If that sounds like fancy incense for hippies and children, perhaps in a way that seems frankly un-doable for someone as practical and important and immortal as yourself, then go face death.Go get cancer. Or, go get crushed by a horse Or, go get hit by a van. Or, go get separated from everything you ever loved forever.

The part in bold is the part that relates to Viktor Frankl.

I've been in the 12-step AA program for over 5 years now and it has helped me immensely in finding meaning. The whole idea of ‘not regretting the past nor wishing to shut the door on it' ties in nicely with Viktor Frankl's philosophy.

I shan't give a synopsis of the book. Amazon does that nicely. What I will do is illustrate the parts that jumped out at me.

Firstly, it's okay not to be happy. There is huge potential for growth in suffering. This I have learned for myself, but to have it set down on paper with such great examples is very helpful to me.

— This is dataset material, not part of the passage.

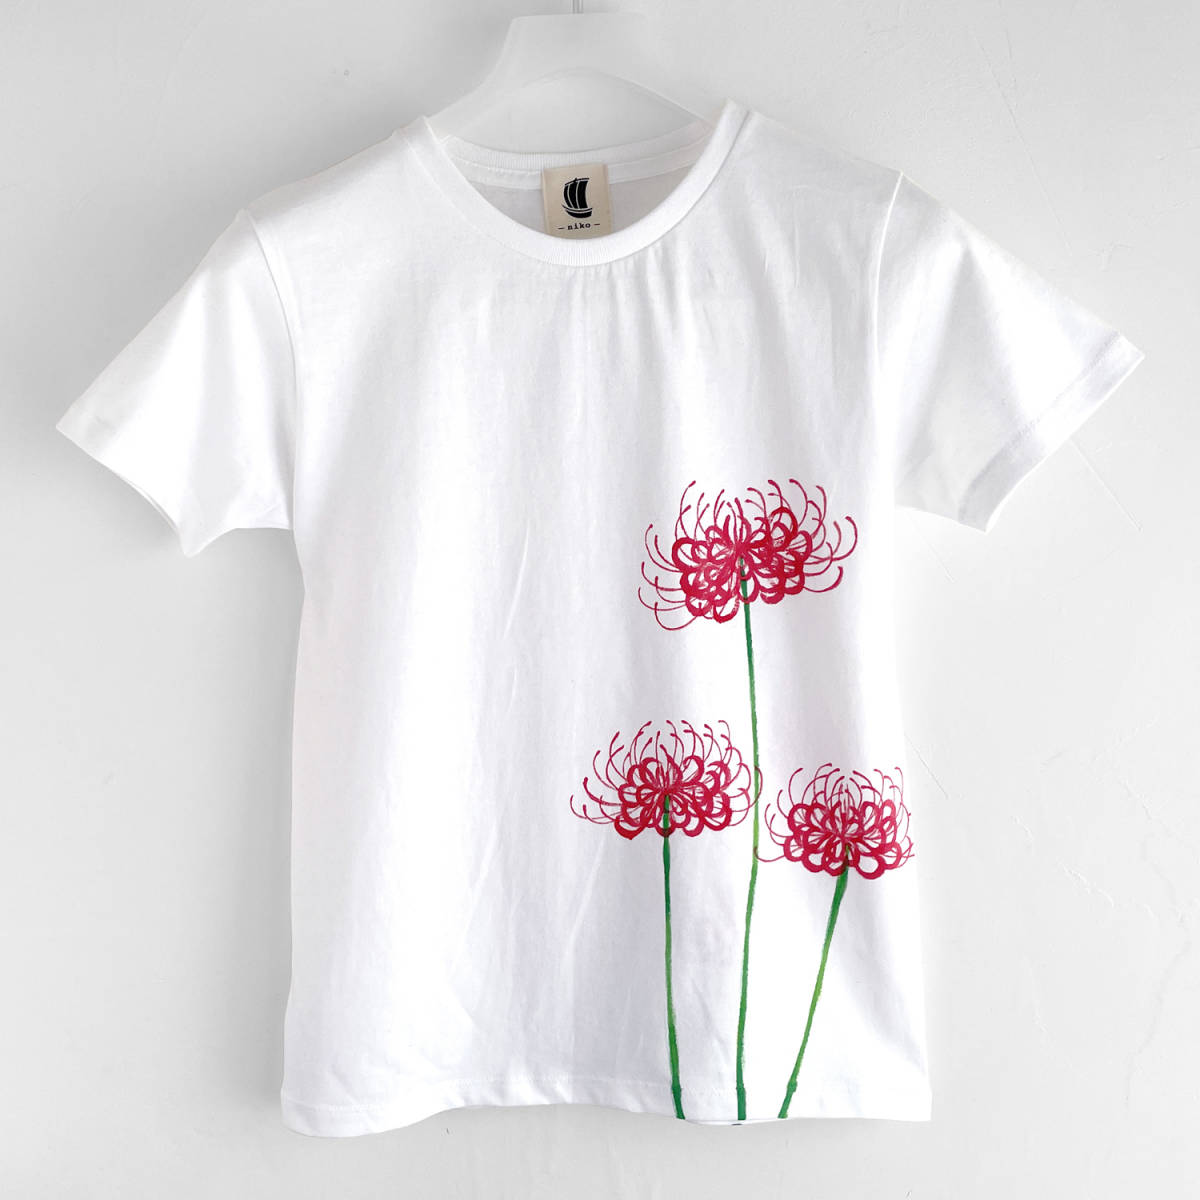 Женская футболка, Размер L, белый, красная футболка с узором в виде паучьих лилий, ручной работы, футболка с ручной росписью, Японский узор, цветочный узор, осень зима, Размер L, круглая шея, узорчатый

Next, the true meaning of one's life may not be truly discernible until one reaches the end of one's life. People can actually change; this I know to be true through AA. The example he gives is of a doctor who was monstrous during the holocaust, but about whom he heard tales of goodness years later.

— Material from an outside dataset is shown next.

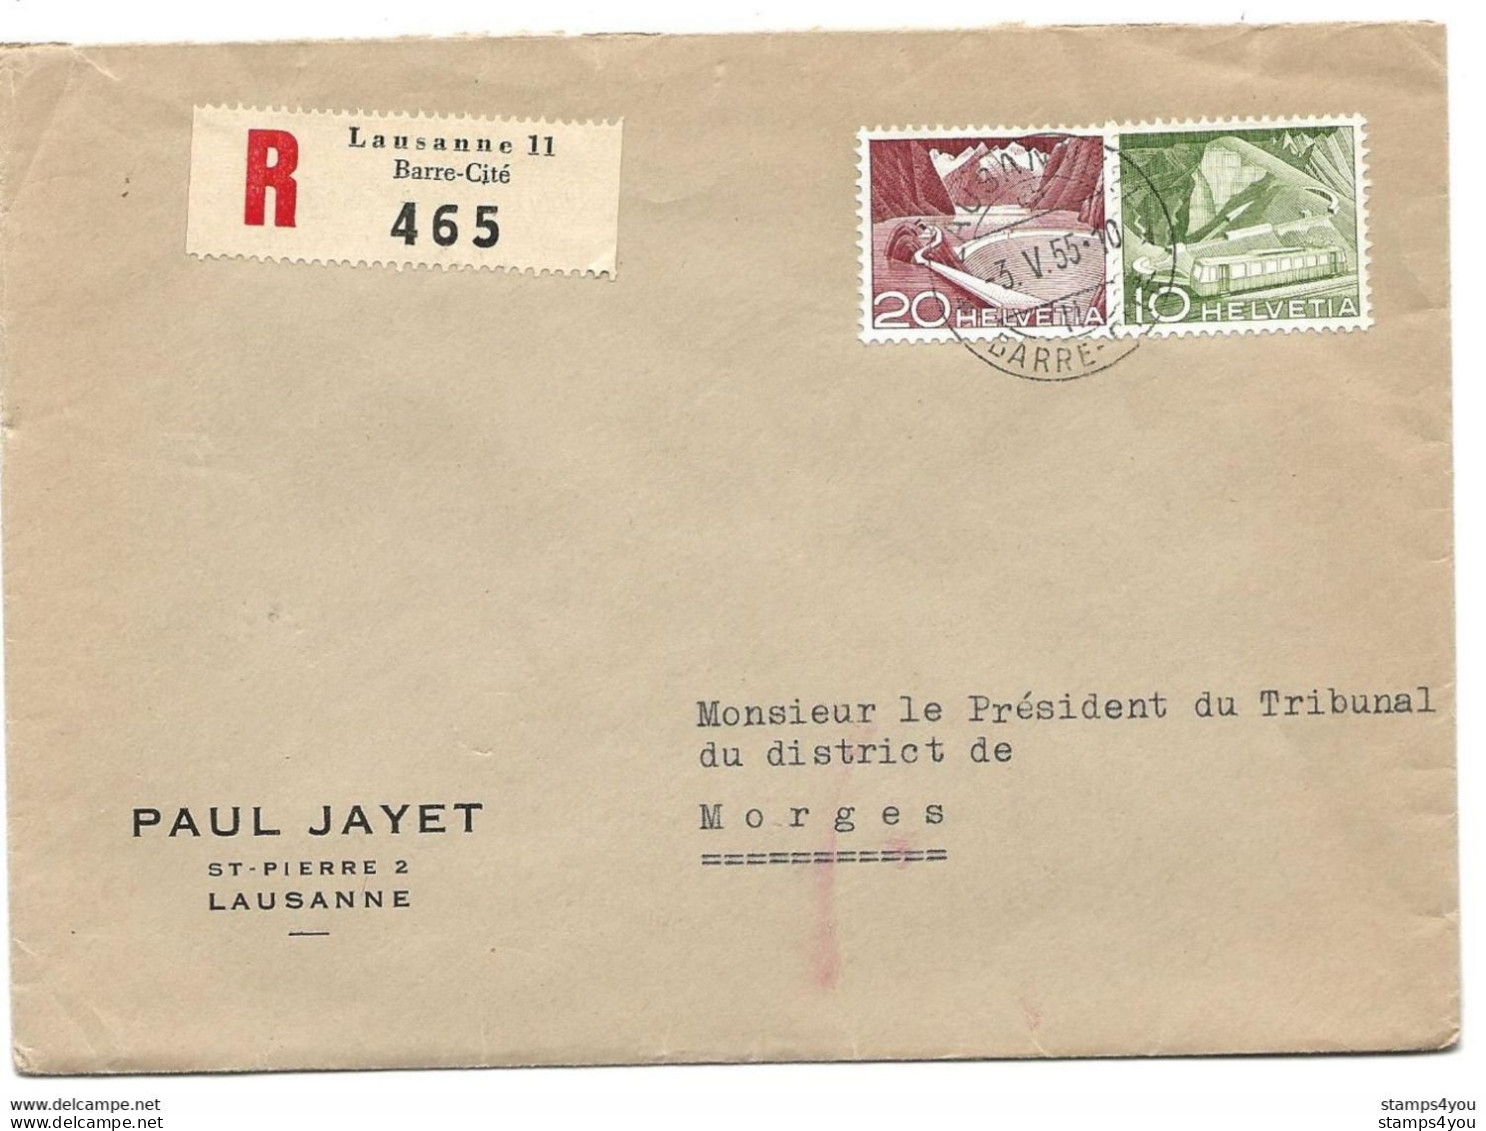 115 - 22 - Enveloppe Recommandée Envoyée De Lausanne  Gare-Cité 1955 - Storia Postale

More may come back to me and I really shouldn't be attempting to write this in the few minutes that I have, but I know that if I don't write it now, it may not get written at all!

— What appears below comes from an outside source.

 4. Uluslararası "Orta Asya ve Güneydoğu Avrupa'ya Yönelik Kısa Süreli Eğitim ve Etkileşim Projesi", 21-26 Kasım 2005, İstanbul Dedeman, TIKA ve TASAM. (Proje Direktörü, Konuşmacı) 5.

The first half of the book as about Frankl's time in concentration camps. The second half covers his philosophy of logotherapy (meaning therapy), which he had started to formulate before being arrested and deported to the camps. He actually refused to emigrate to the safety of the USA, knowing full well that he would end up in a concentration camp, because he felt it was his duty to remain with his family. His expectant wife, brother and both parents did not survive the camps. Imagine finding meaning after that? But he does.

If 42 no longer suffices for you as an answer, try this book. It could help!